#### [Problem requirements]
Find the line below with "scenes from a" and the line with "Bolton Wanderers' Kyle". Output exactly those lines and everything between them, leaving out the pictures.

#### [Dataset entries]
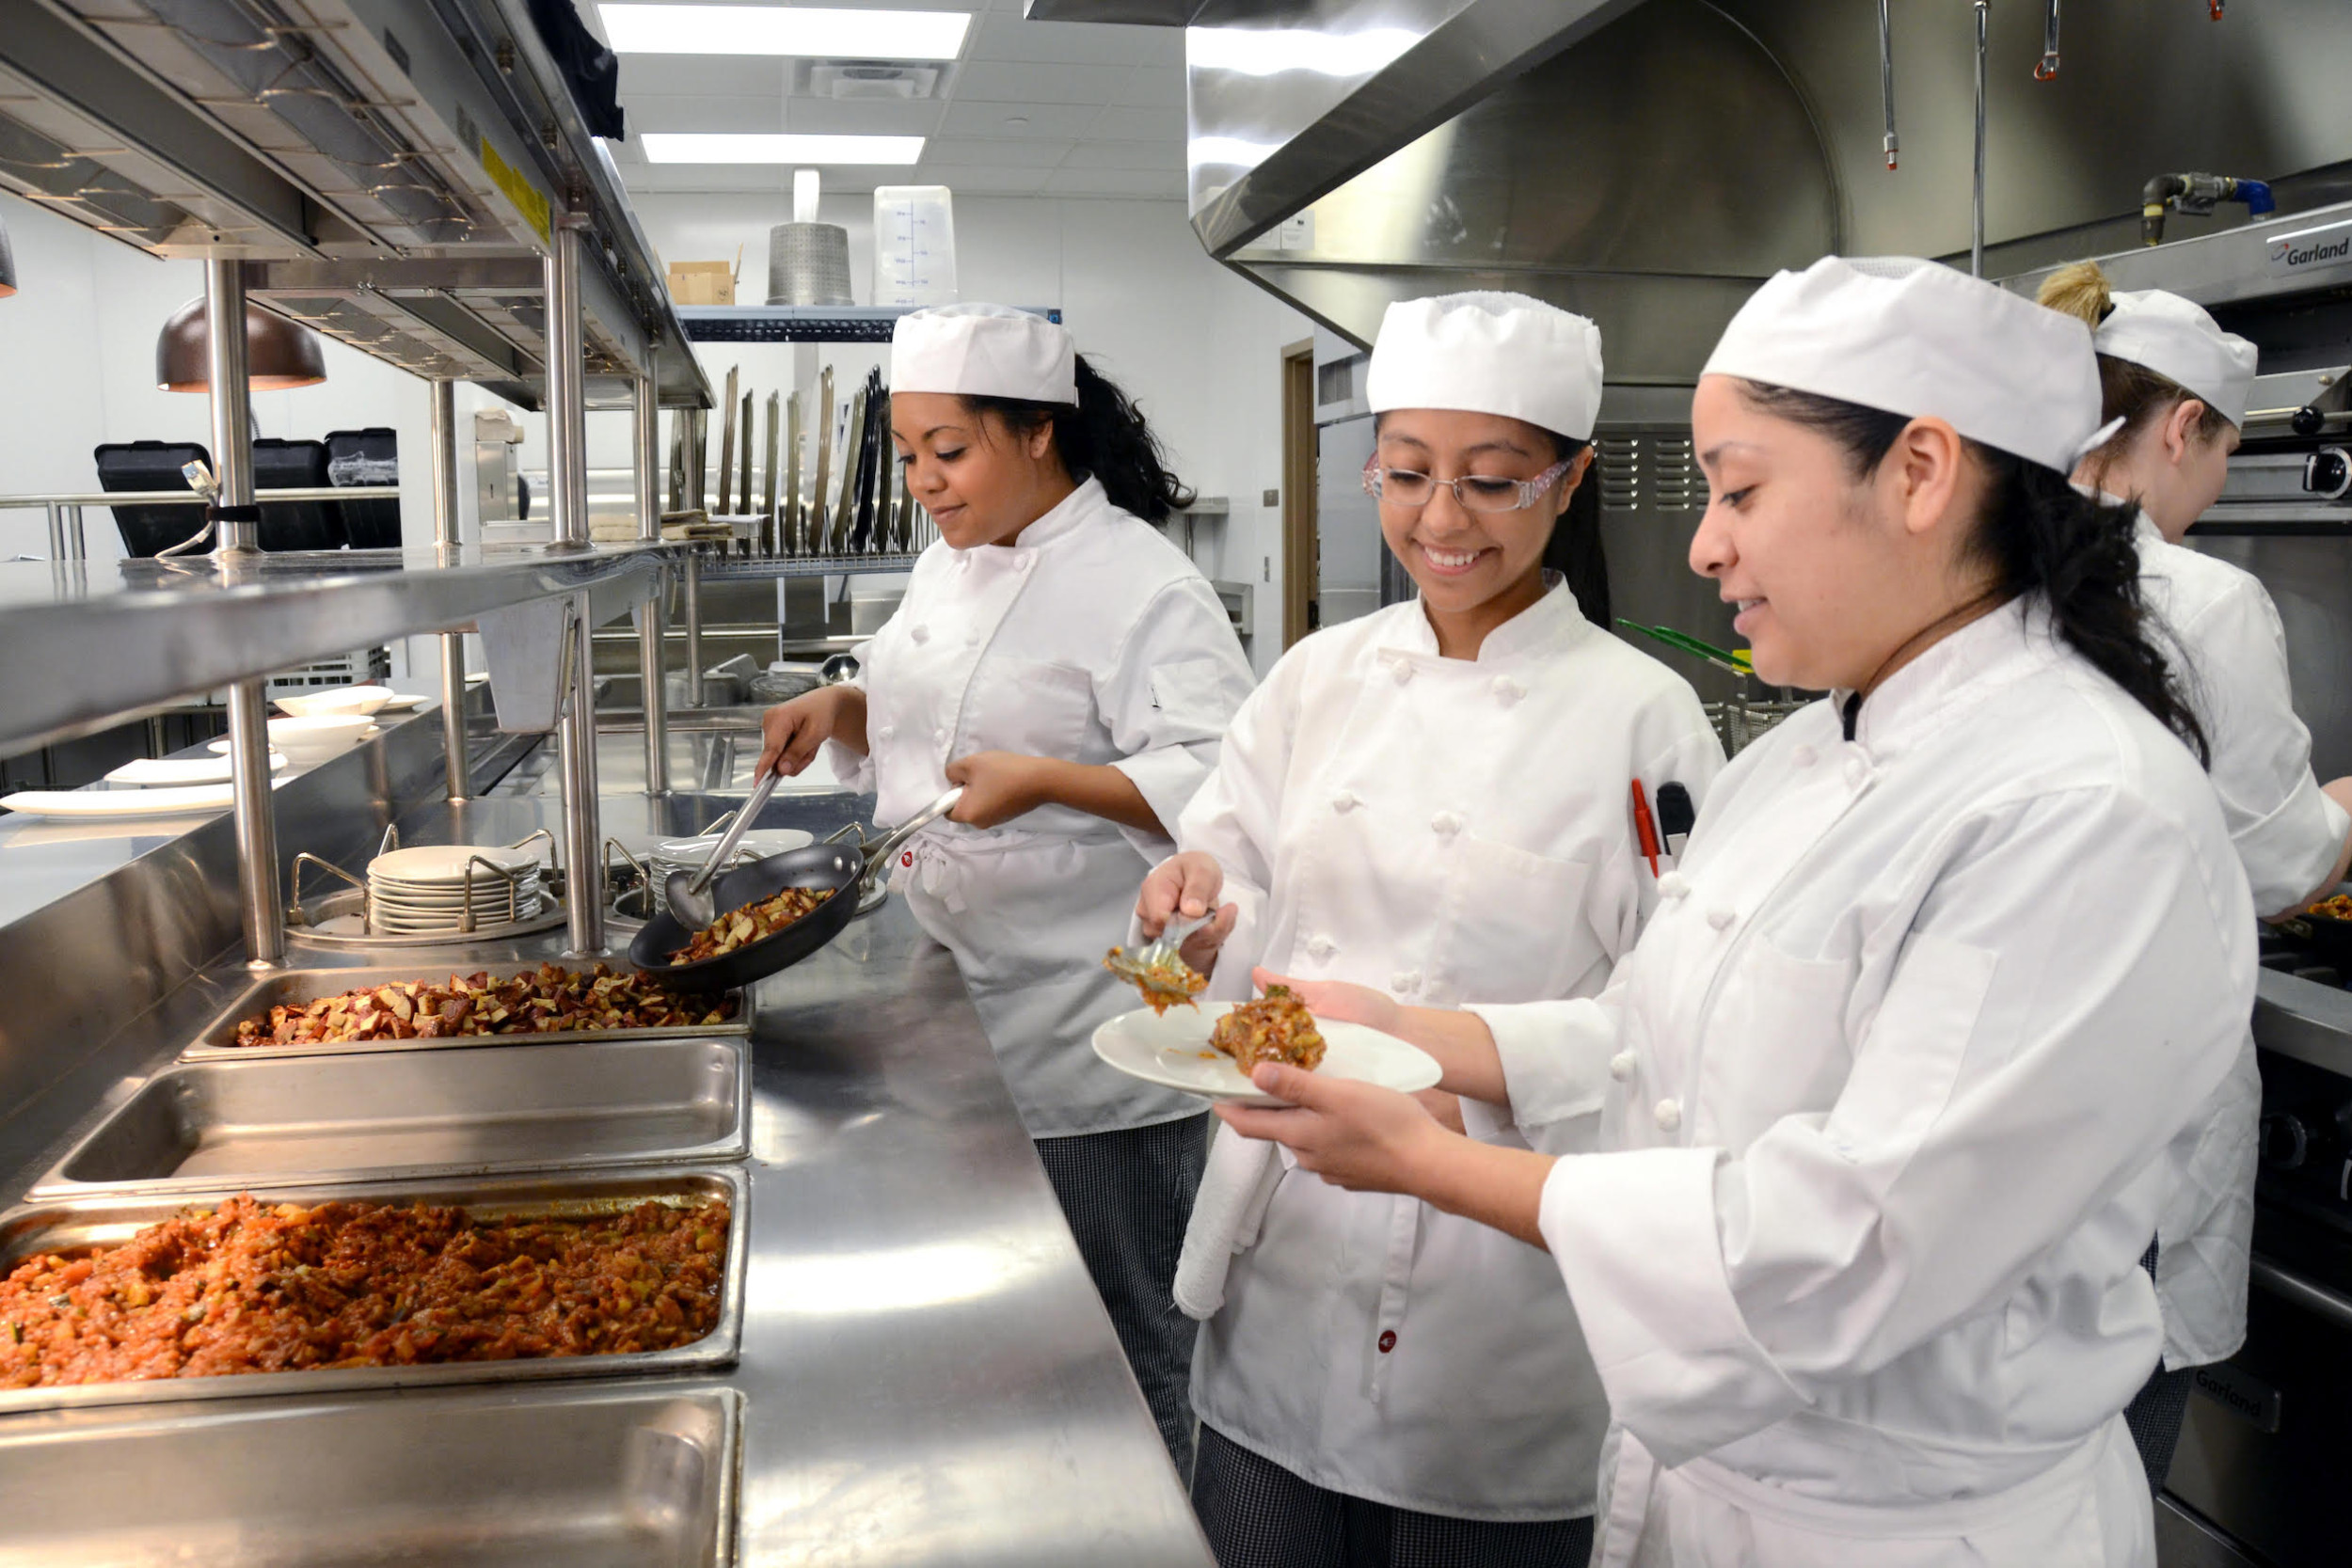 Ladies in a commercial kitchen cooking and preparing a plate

---

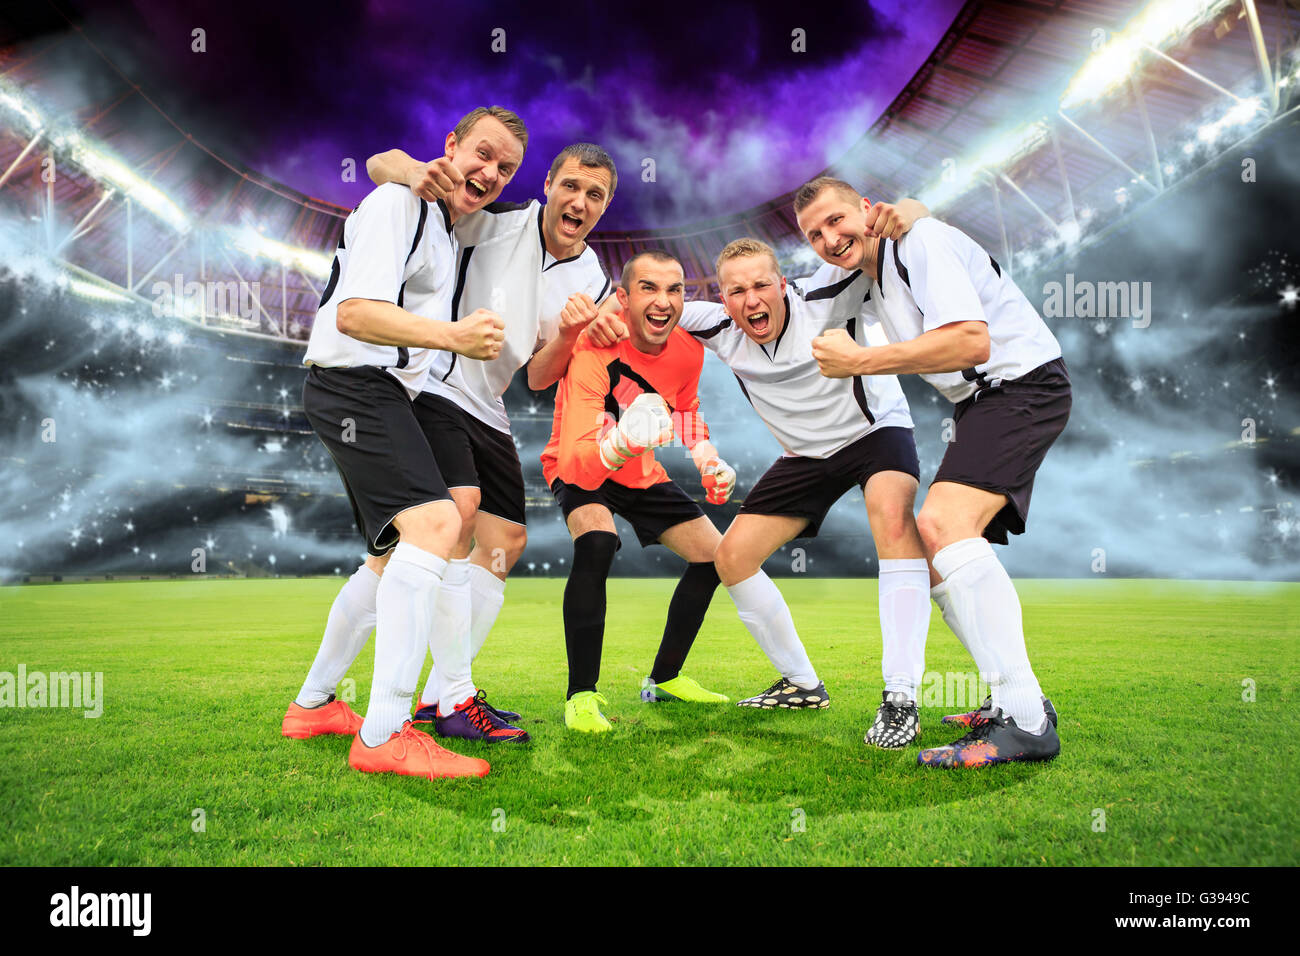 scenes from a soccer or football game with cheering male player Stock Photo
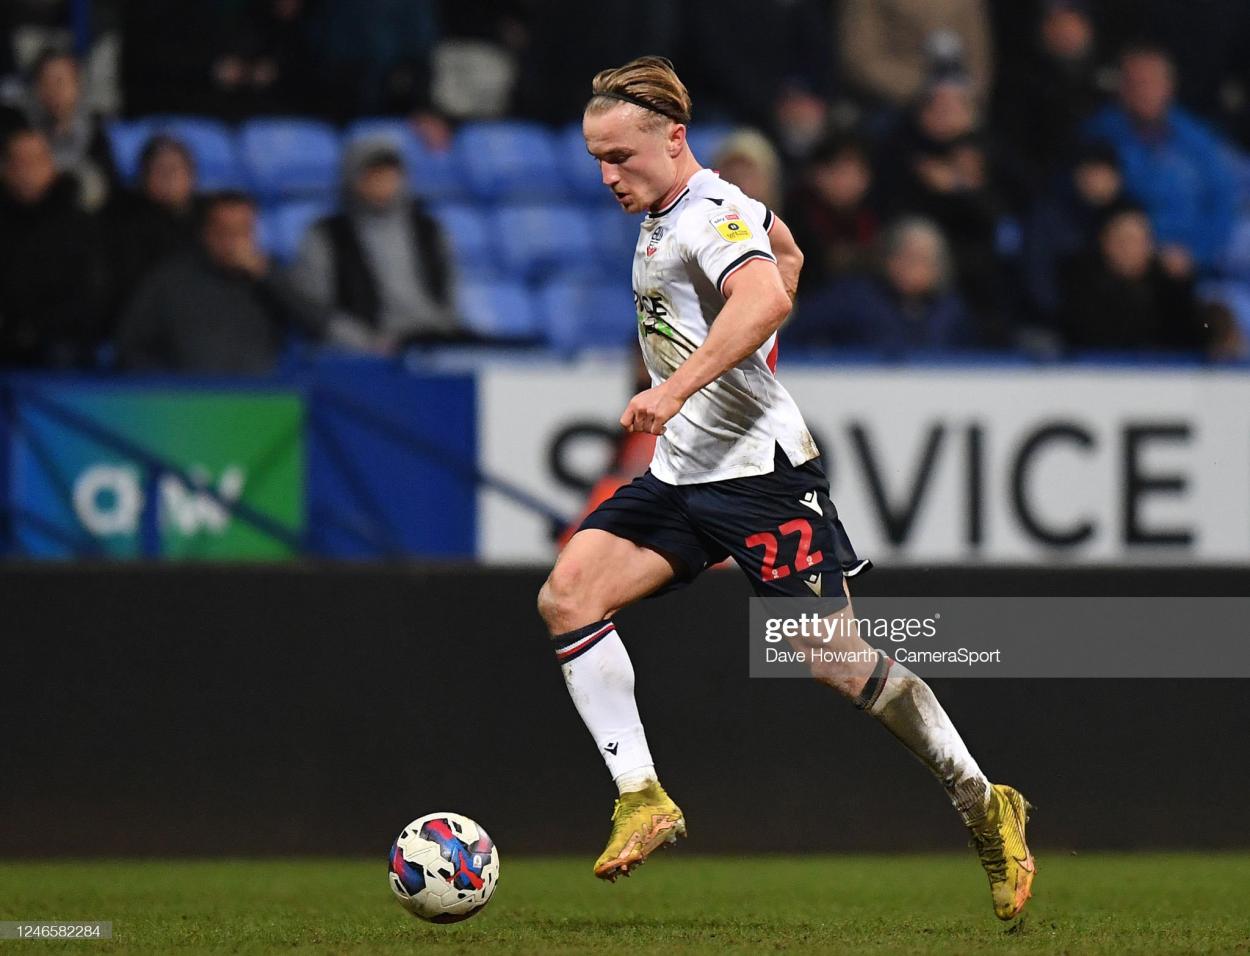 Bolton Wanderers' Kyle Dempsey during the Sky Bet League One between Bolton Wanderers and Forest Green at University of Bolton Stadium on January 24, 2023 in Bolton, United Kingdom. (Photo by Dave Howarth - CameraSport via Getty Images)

--

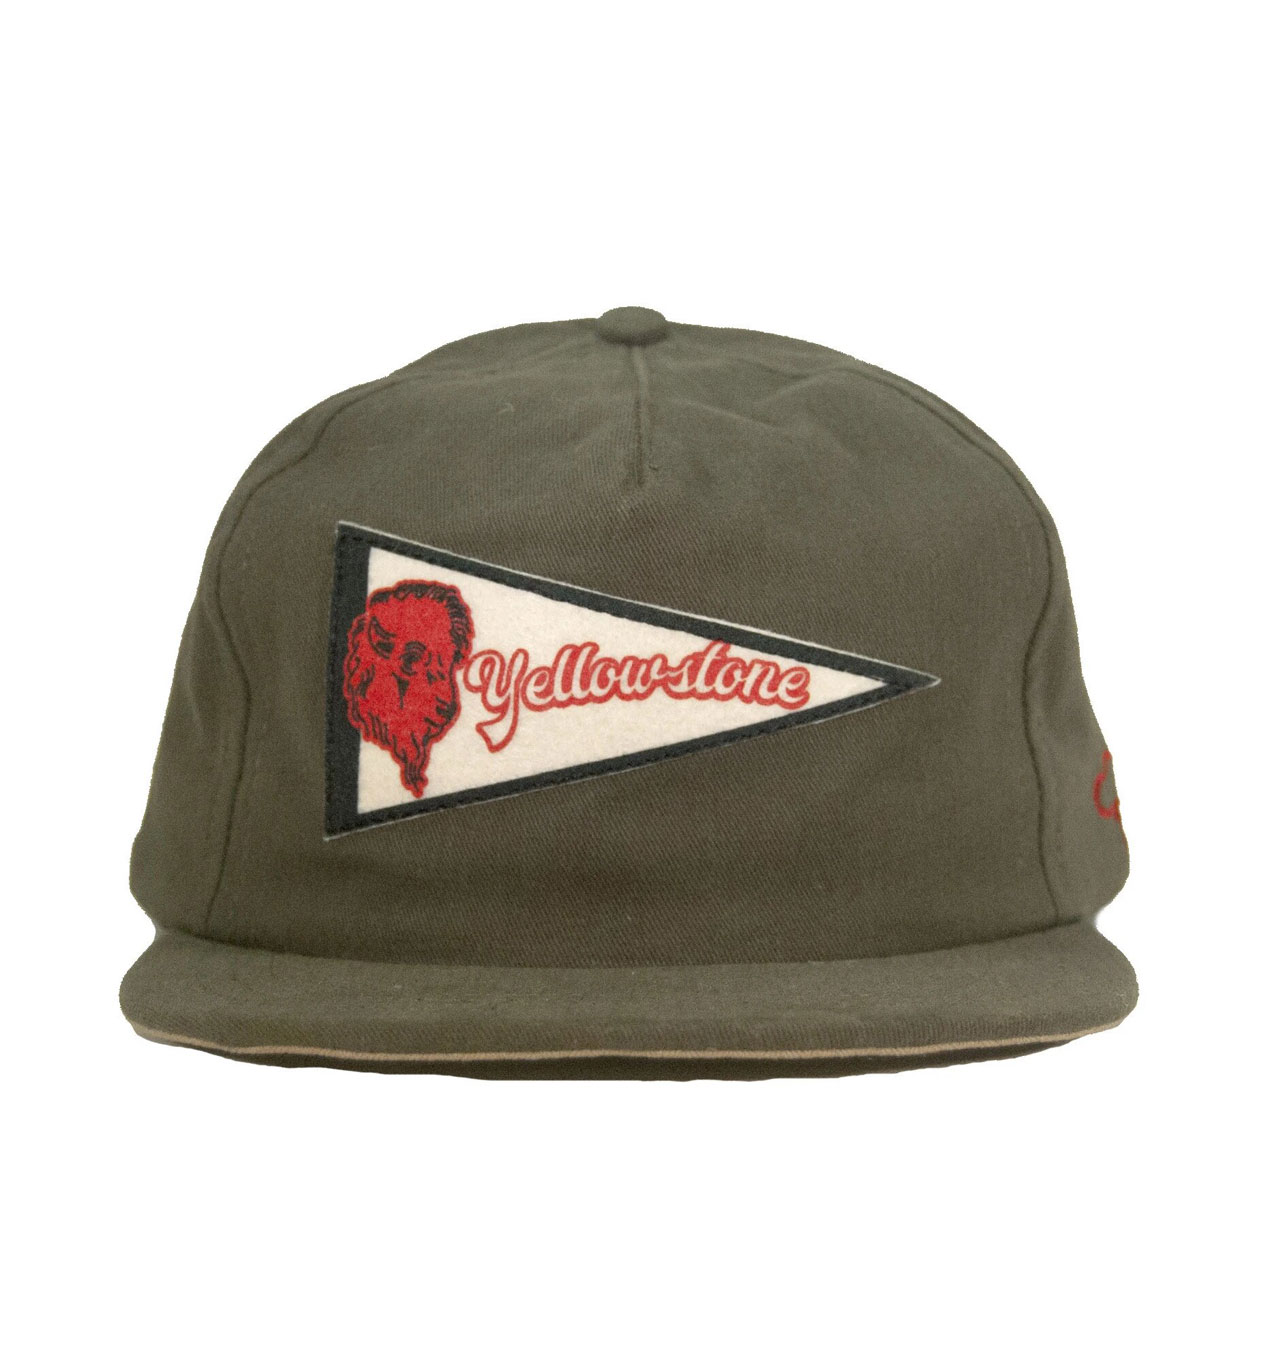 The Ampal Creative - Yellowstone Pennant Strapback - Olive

#### [Answer for this exercise]
 scenes from a soccer or football game with cheering male player Stock Photo
 Bolton Wanderers' Kyle Dempsey during the Sky Bet League One between Bolton Wanderers and Forest Green at University of Bolton Stadium on January 24, 2023 in Bolton, United Kingdom. (Photo by Dave Howarth - CameraSport via Getty Images)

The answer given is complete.